Add a shock of tanning light and … voilà! She looks just like Barbie. It’s
freaky, though, to watch this woman become increasingly less human the more the
film doctors her image to fit an idea of perfection. Supervenus satirizes our idea of beauty, perverts it, and unmasks
it as the grotesquerie that it is.
Supervenus offers
one of the memorable entries in short competition 5, but he highlight of the
programme is easily the surreal The Obvious Child (Stephen Irwin,
UK). This messed-up bedtime story is, in a way, a love story as one poor widdle
wabbit plays witness to the mess a young girl must clean up after her parents
are brutally murdered. The rabbit, who narrates the tale in dryly halting
voiceover, falls instantly in love with the demon child as she bargains with
the cloud about to get her parents into heaven. Director Stephen Irwin offers a
macabre, almost carnivalesque vision of love and death as The Obvious Child pops vibrant colours into an absurd scenario.

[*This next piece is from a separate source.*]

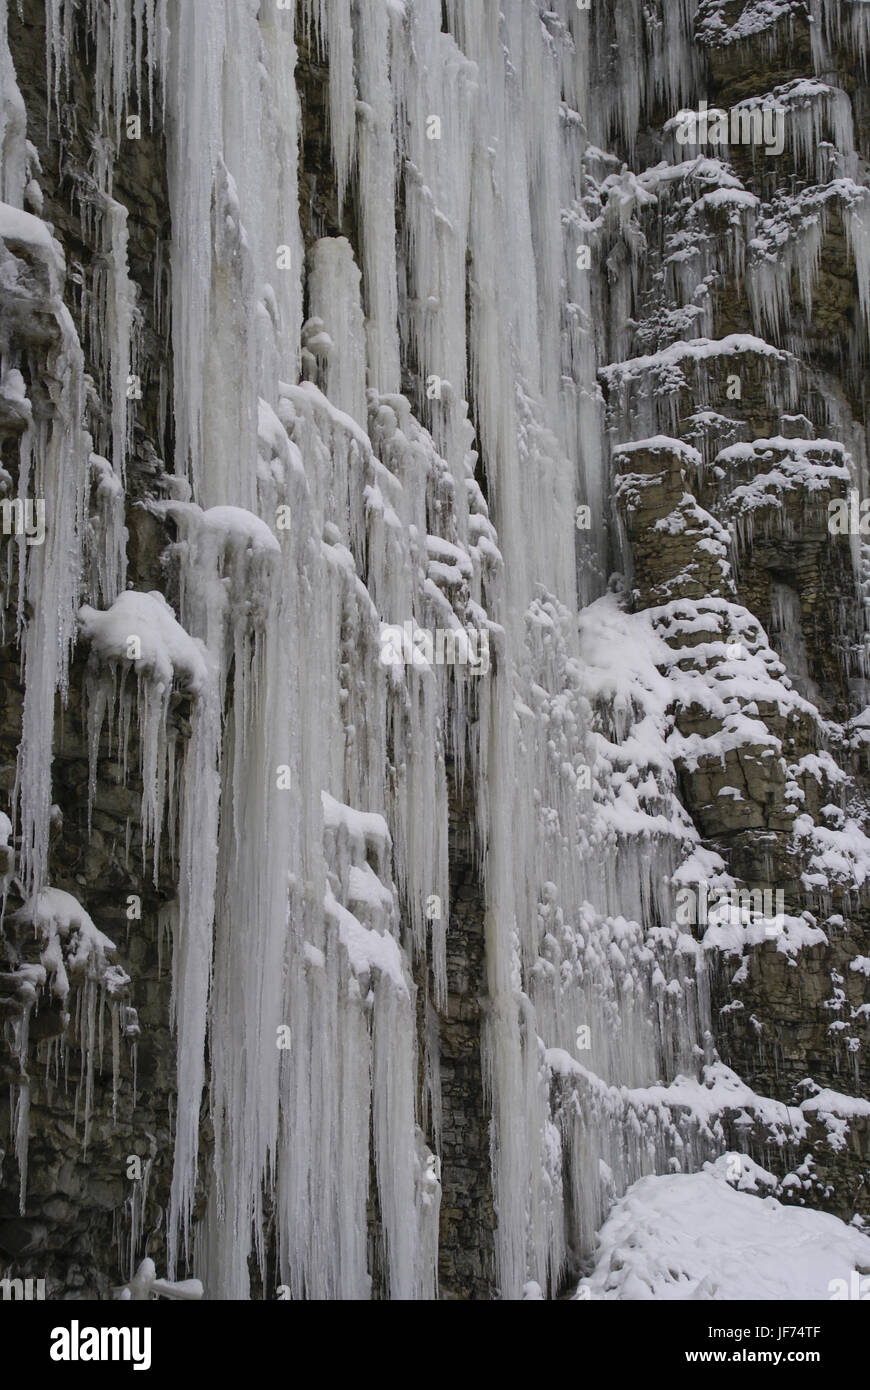 icicles in Quarry, Schwaebisch Hall, Germany Stock Photo
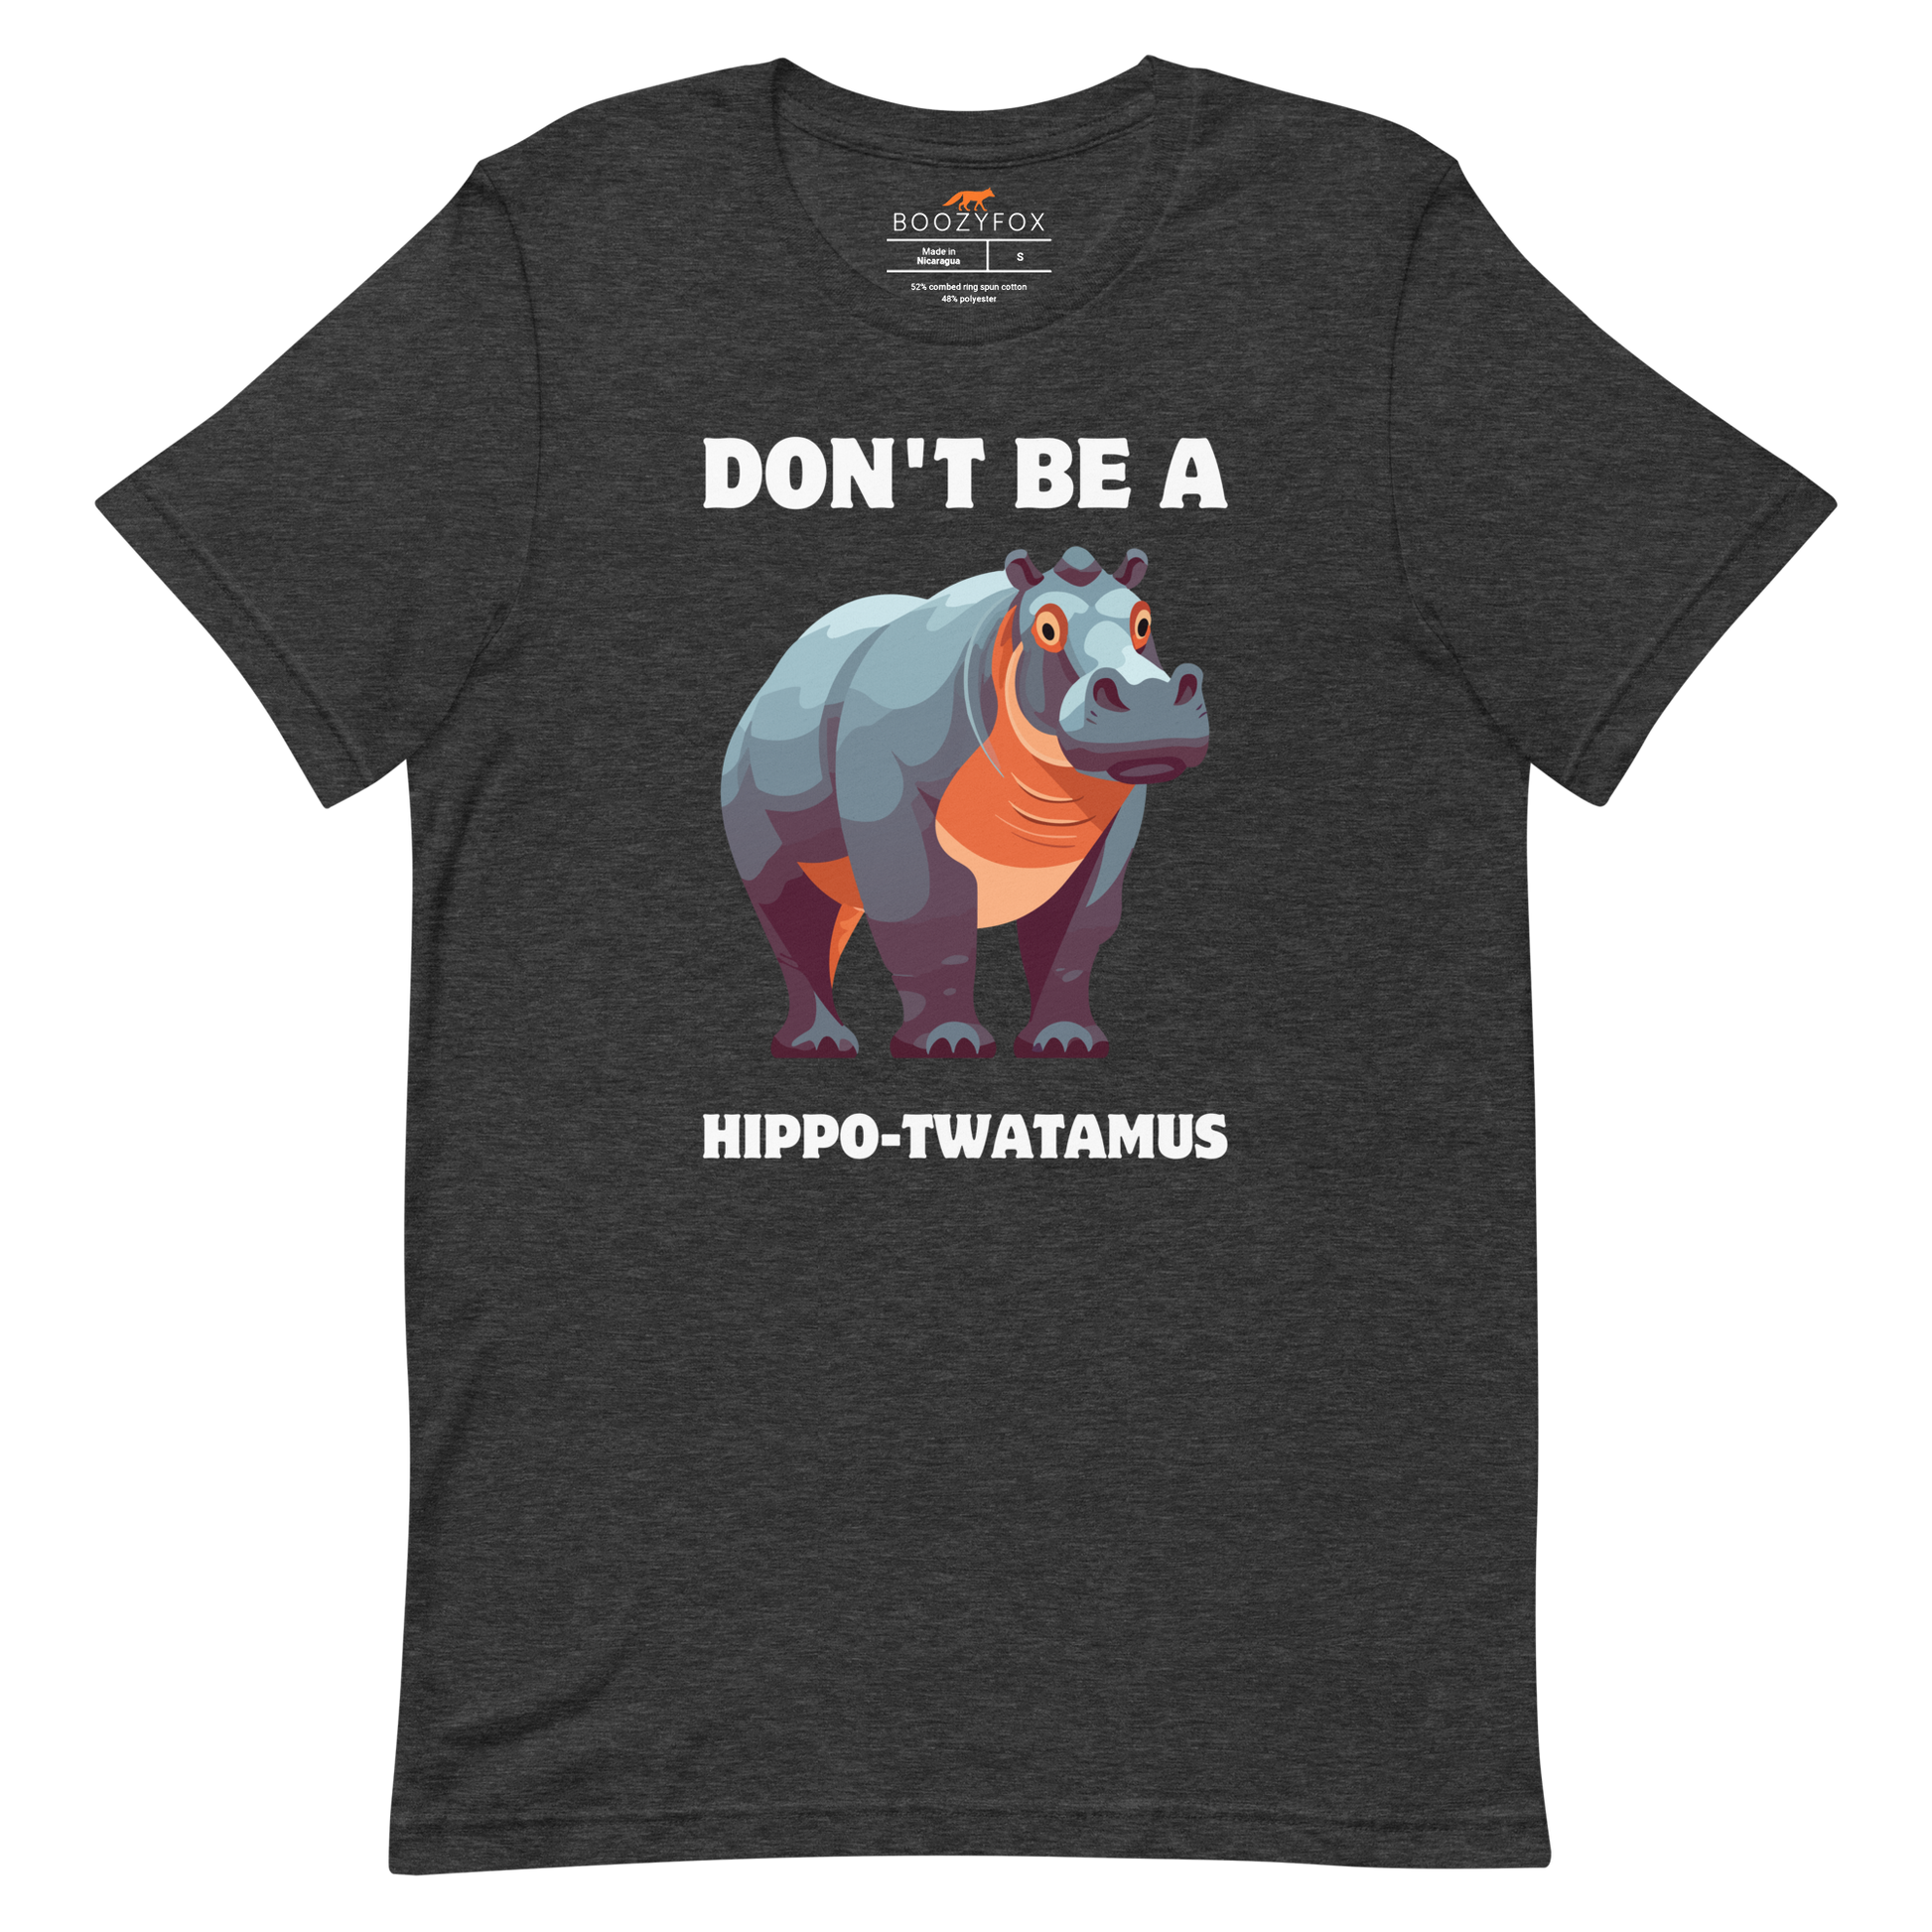 Dark Grey Heather Premium Hippo Tee featuring a Don't Be a Hippo-Twatamus graphic on the chest - Funny Graphic Hippo Tees - Boozy Fox

Irwin frames the animation through the lens of an iris and divides it in
chapters, creating an image of innocence recounted through rose coloured
glasses as the submissive bunny recalls love at first sight. The Obvious Child, disturbed and
debauched, is certifiably bonkers, but it joins a rank of shorts at OIAF this
year that shows the best films of the festival take a subversive approach to
cuddly animals. Animation need not be cute nor pander to children: make it bold
and dark like The Obvious Child does.
The juxtaposition of fluffy playtime with a punch in the face makes for a most
memorable film.
Please visit www.animationfestival.ca
for more information on this year’s festival.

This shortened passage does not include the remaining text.